- _TASK DIRECTIONS_:
Return the data below exactly, please, but drop the pictures.

DATASET SECTION Block Start

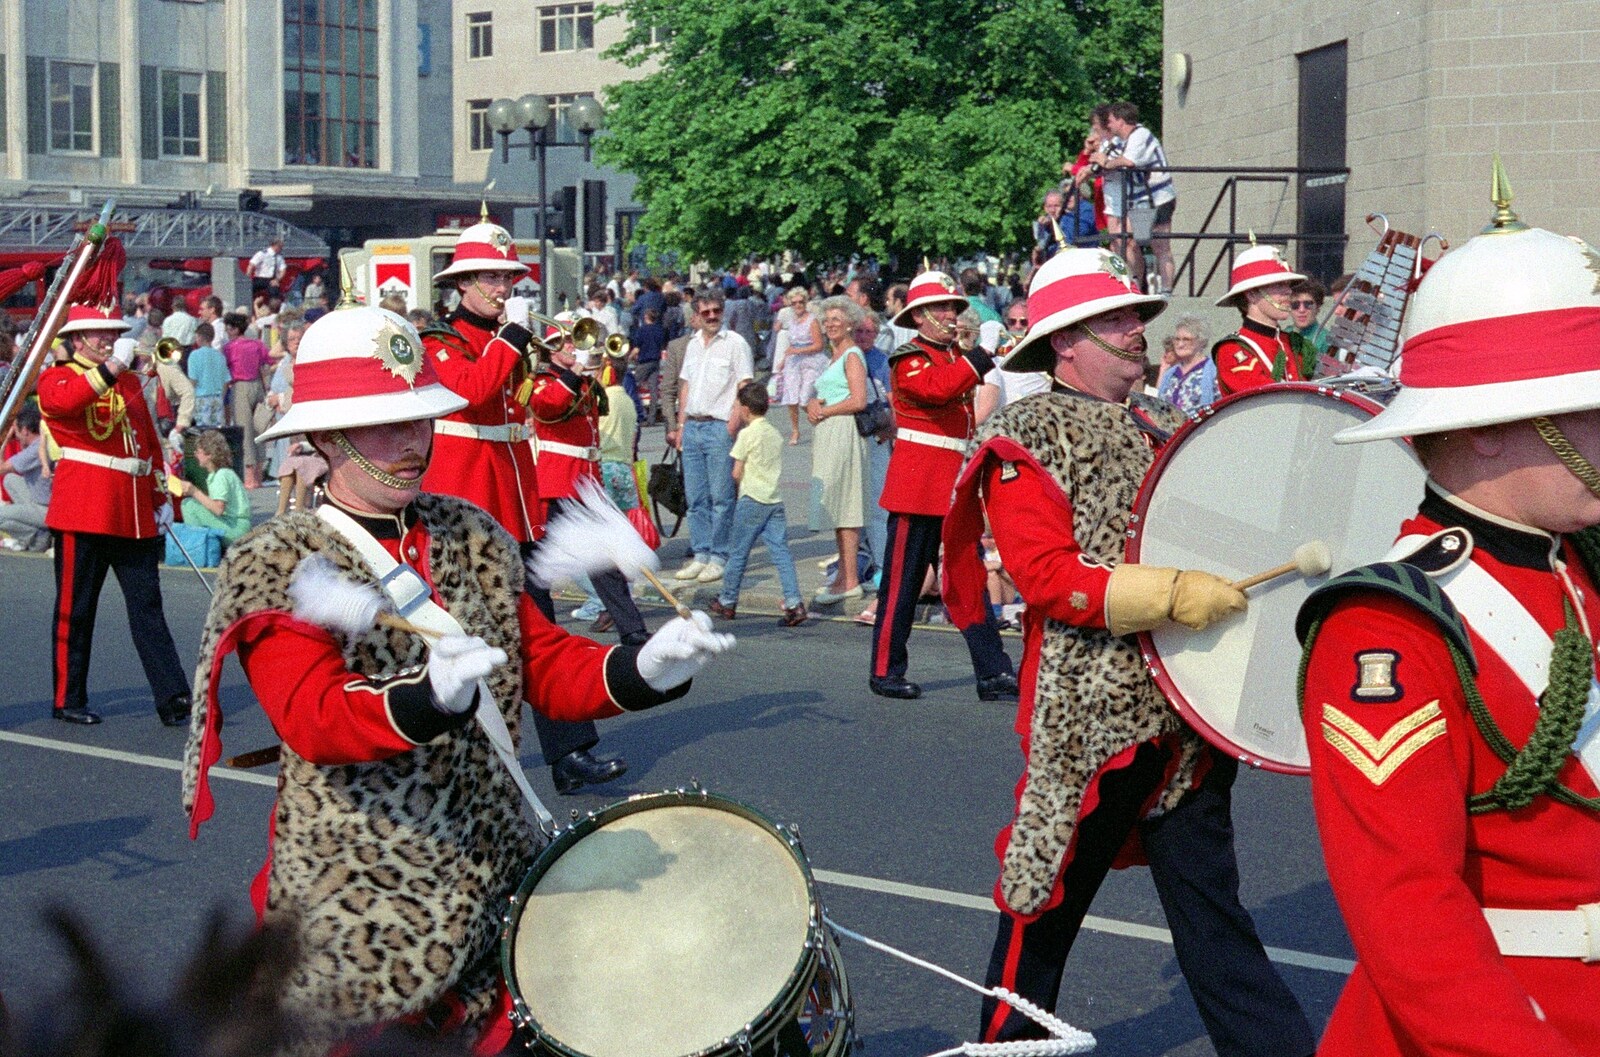 Full-on leapoard skins from Chantal and Andy's Wedding, and the Lord Mayor's Parade, Plymouth - 20th May 1987
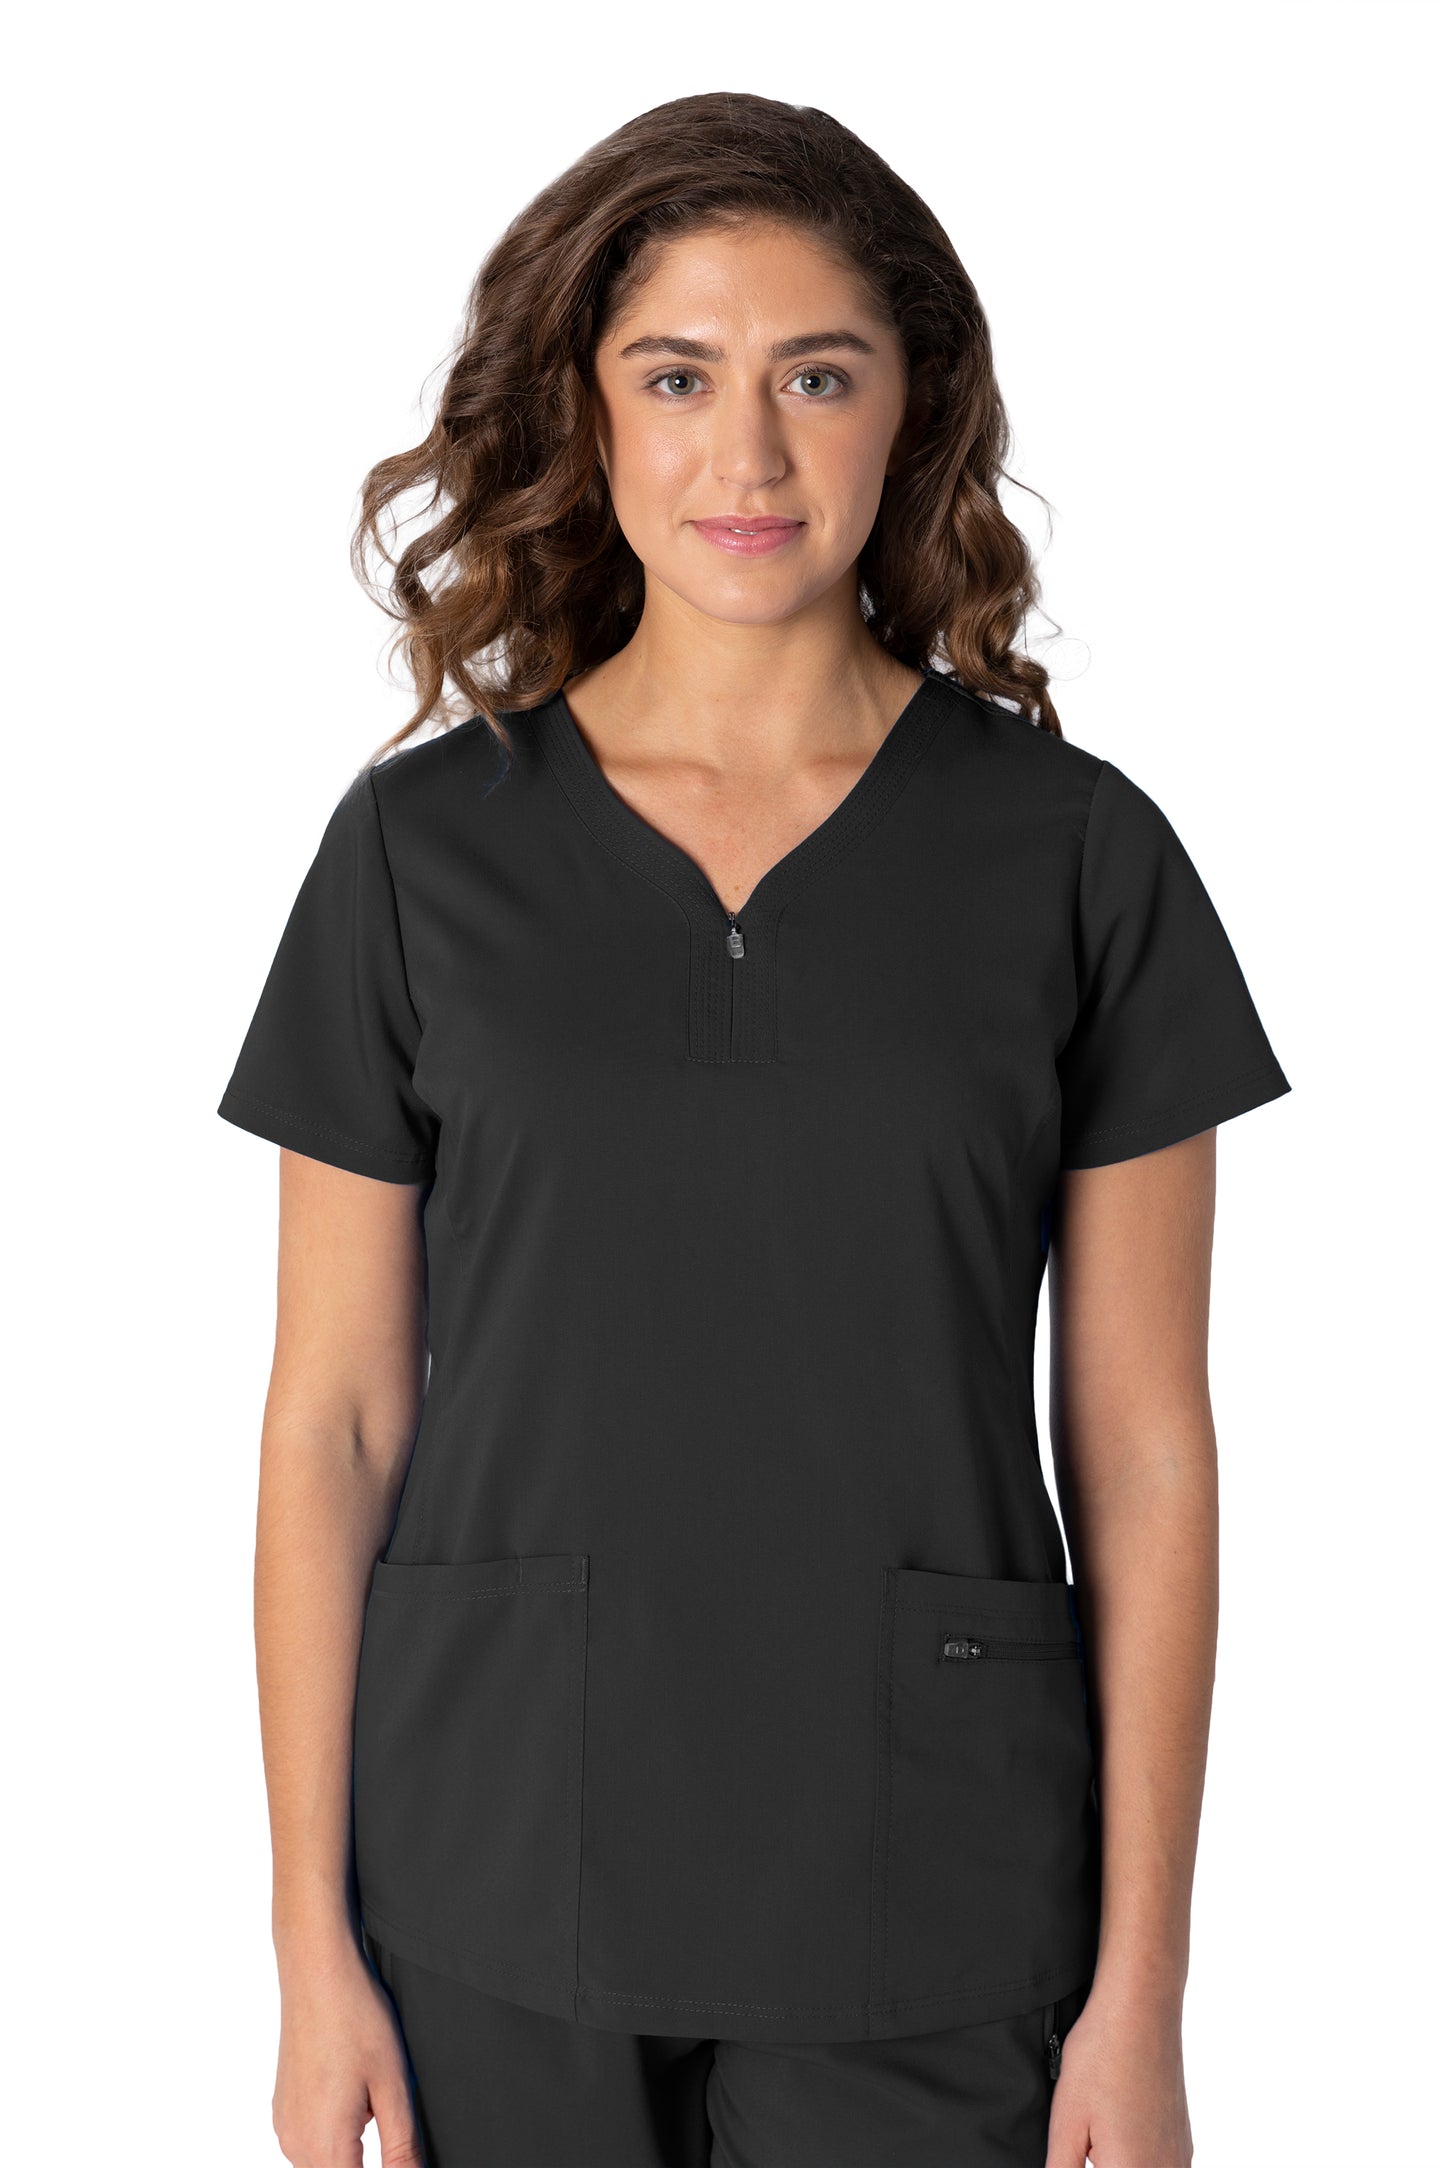 Healing Hands Purple Label Jeni Scrub Top in Black at Parker's Clothing and Shoes.
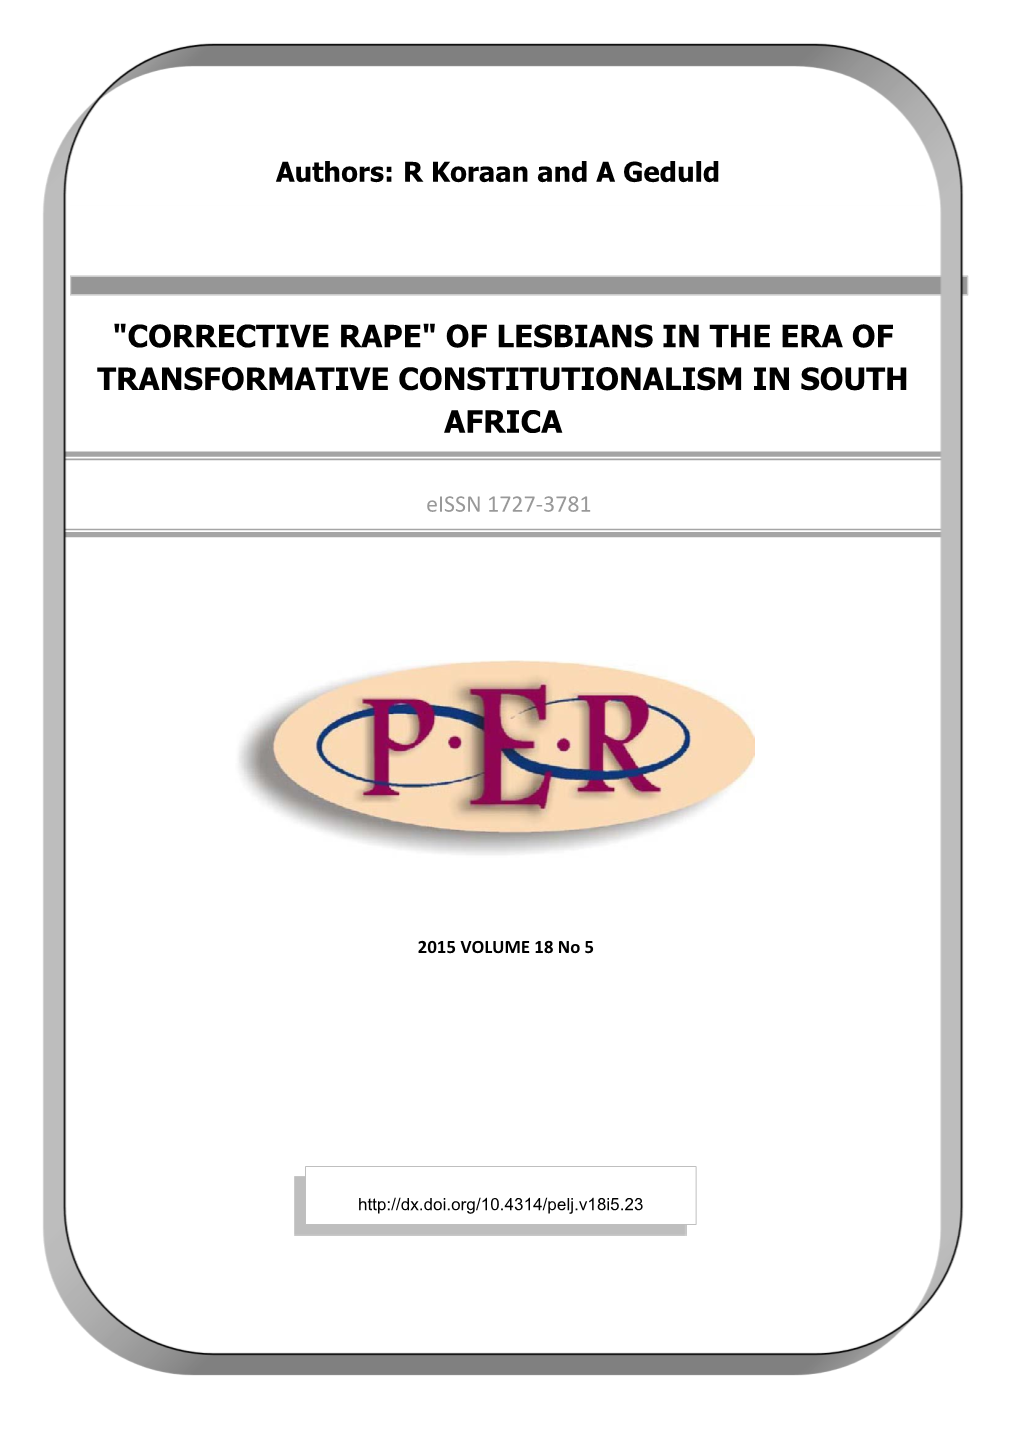 Of Lesbians in the Era of Transformative Constitutionalism in South Africa

DATASET SECTION Block End

- _REPLY TO THE TASK_:
 Full-on leapoard skins from Chantal and Andy's Wedding, and the Lord Mayor's Parade, Plymouth - 20th May 1987
 Healing Hands Purple Label Jeni Scrub Top in Black at Parker's Clothing and Shoes.
 Of Lesbians in the Era of Transformative Constitutionalism in South Africa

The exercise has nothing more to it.